Considering Trump today, with his bombastic statements that intellectuals are quick to dismiss as insanity, the ‘what if’ question arises yet again. What if, I wonder, we are merely witnessing the honest acknowledgment of the capitulation of yesterday’s world – that of global cooperation, aid, agreements, global supply chains, free movement of capital and trade, and the integration of different religious and ethical infrastructures – and the reality of a new one? A ‘red light’ moment, where everything that was in motion during the ‘green light’ era should freeze?
Have we plunged, because the social and political situation is deteriorating so fast, into a great ‘subjectivation’ of global countries, where only the self matters, where one can only count on what one possesses – capital, natural endowments, labour, innovation – and on what one’s strength can permit one to take from another (let’s consider Greenland, since ‘it’s a big place, nobody uses it,’ as the Golden Girl says). A world of plunder, rather than sharing.
It’s a terrifying view, I know, but one that reflects so much of the social and political deterioration we are witnessing today, making it all the more frighteningly real. In my next post, I will outline a new geopolitical order that aligns with the subjectivism of nations. And it’s going to be chilling.

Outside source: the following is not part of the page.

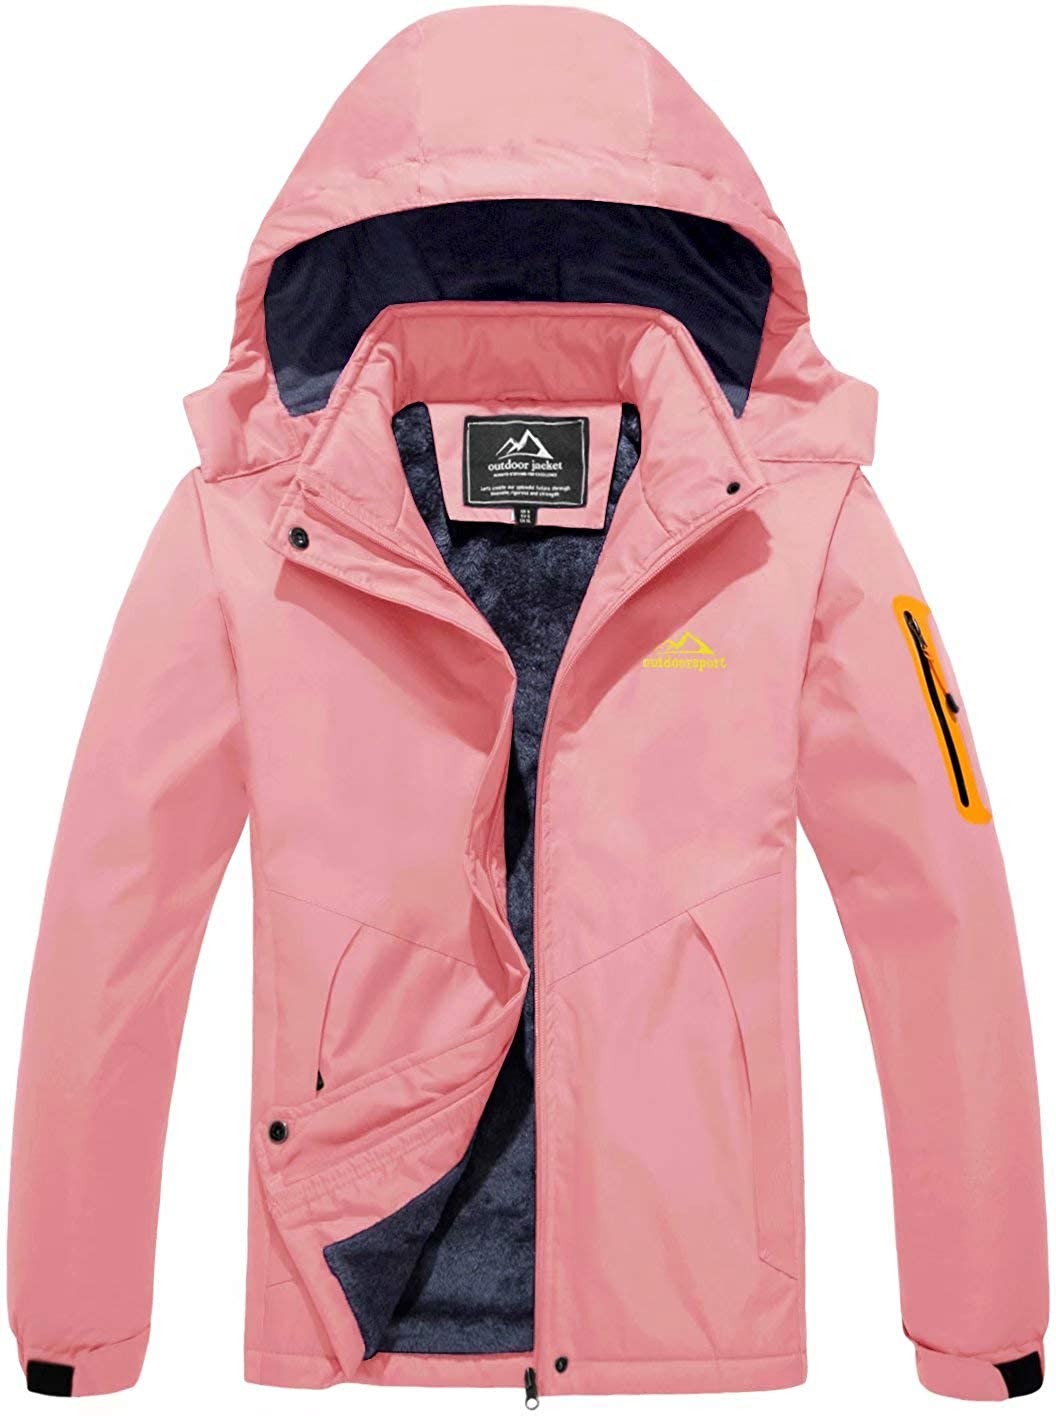 MAGCOMSEN Women's Winter Coats Water Resistant Snow Ski Jacket Fleece Lined with Hood Windproof Rain Jackets Parka

Excellent post as usual, Luca. My view is that we are witnessing an emperor-has-no-clothes moment. JD Vance in Munich offered a brutally honest depiction of how Europe is abandoning its democratic values through some of the mechanisms you mentioned. The attendees were shocked, because you can't say this. But the truth is that the 'green light' era had turned into a theater of hypocrisy on too many fronts. So I welcome this explicit subjectivism, and look forward to your chilling picture of the new order!